4. Functional brain imaging

The goal of the ideal functional imaging technique is to map task-induced changes in activity in the brain in vivo. The task may be sensory or cognitive and the extent of the activated region may be localized (as generally observed with sensory paradigms [59]) or delocalized (as often found with cognitive paradigms [60]). To what extent do different methods allow dynamic identification of task activated brain region(s)? The answer depends on the spatiotemporal resolution of the method. There are at least three relevant factors. Spatial coverage of the brain by the method is a practical limitation. Specificity depends on the physiological basis of the measurement. Sensitivity if enhanced can improve either the spatial or temporal resolution, but rarely both. Together these factors describe the spatiotemporal resolution of the method (Fig. 2). Other (e.g., hardware) factors that affect spatiotemporal resolution of a given method are beyond the scope of discussion here.

Figure 2.

Figure 2

Comparison of spatiotemporal resolutions of current methods used in neuroscience.

Schematic illustration of spatial and temporal resolution ranges from a few experimental techniques is shown in Fig. 2. Since it is impractical to refer to the several dozen studies that were used to develop this figure, three reports [6163] with similar comparisons are highlighted. But these may be questioned for several reasons. Techniques which did not reflect dynamic activity changes in their measurements (i.e., static or steady-state) were included with methods that were strictly designed for measuring transient signal changes. Methods specifically designed for use in humans were not separated from those applied in small animals. Similarly differences between in vivo and in vitro methods were not distinguished. Thus the apparent superiority of one method vs. another is debatable. Because there have also been technological advancements that influence this type of cross comparison across methods since then, up-to-date results were compiled from in vivo dynamic imaging studies of primarily small animals. Unfortunately these criteria excluded two dominant techniques in functional brain imaging: 14C-deoxy-glucose (14C-DG) autoradiography and positron emission tomography (PET).

14C-DG, a glucose analog, measures glucose consumption by the amount of metabolically trapped 14C-DG-6-phosphate throughout the brain [64]. However about an hour is required for radioactivity to build up in the tissue. 14C-DG autoradiography provides superior spatial resolution (50–100 µm) but it is a terminal experiment and therefore used only in animals.

PET, fashioned after the 14C-DG method but designed for application to humans [65], has several methods for functional imaging. Glucose consumption measurement is analogous to the 14C-DG method except that 18F-fluoro-deoxy-glucose (18F-FDG) is the glucose analog for PET. 15O-water is used to measure blood flow. This is done by injecting 15O-water into the blood stream and then detecting the rate of appearance of 15O-water in the brain tissue. Carbon monoxide with 11C or 15O, which mimics binding of oxygen to hemoglobin in red blood cells, is used to measure blood volume. The principle is that carbon monoxide is blood borne and therefore the detected radioactivity is only representative of the vascular compartment. The blood flow and blood volume methods in combination with inhaled 15O-oxygen can be used to measure oxygen consumption by detecting the rate of metabolized 15O-water in brain tissue. In all of these studies the radioactive labels are at trace levels (µM or less). Most PET methods use radioactive isotopes that are relatively short-lived (<30 min), but as in 14C-DG autoradiography, require long accumulation times and/or repeated scans (5–30 min) for radioactivity to build up. PET provides spatial resolution appropriate for human brain imaging (3–5 mm) and is well suited for clinical use. Recent advancements have improved PET resolution further (1–3 mm) to image brains of smaller animals [66].

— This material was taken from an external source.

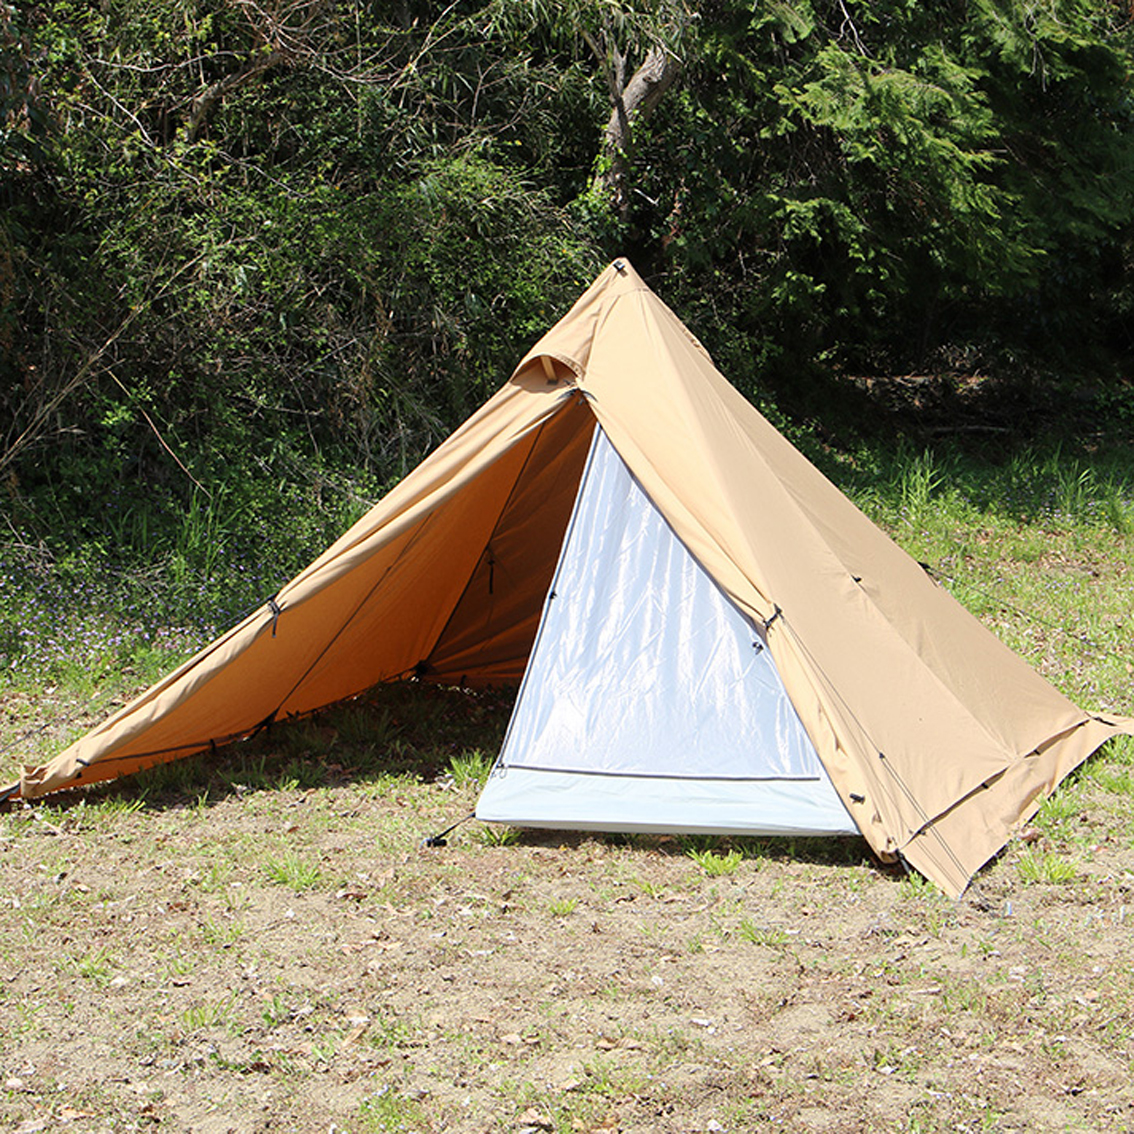 tent-Mark DESIGNS パンダ TC+: キャンプ トレッキングギア WILD-1

The techniques shown in Fig. 2 include a variety of electrophysiological, optical, and magnetic resonance methods which are now widely used in many neuroscience laboratories, both in animals and in humans. These methods dynamically measure everything from changes in neuronal activity (e.g., membrane potential, ion flux, neurotransmitter flux) to the coupled alterations in energy metabolism (e.g., glucose consumption, oxygen consumption, creatine kinase flux) and hemodynamics (e.g., blood oxygenation, blood flow, blood volume).

4.1 Electrophysiology

Electrophysiology deals with the study of the electrical properties of cells and tissues [2]. Classical electrophysiological methods, using different types of microelectrodes, measure changes in voltage (or current). Microelectrodes are inherently designed to cover a few specific regions because it is impractical to perforate very large areas of the brain. Microelectrode arrays cover slightly larger (e.g., 4×4 mm2) superficial regions of the brain.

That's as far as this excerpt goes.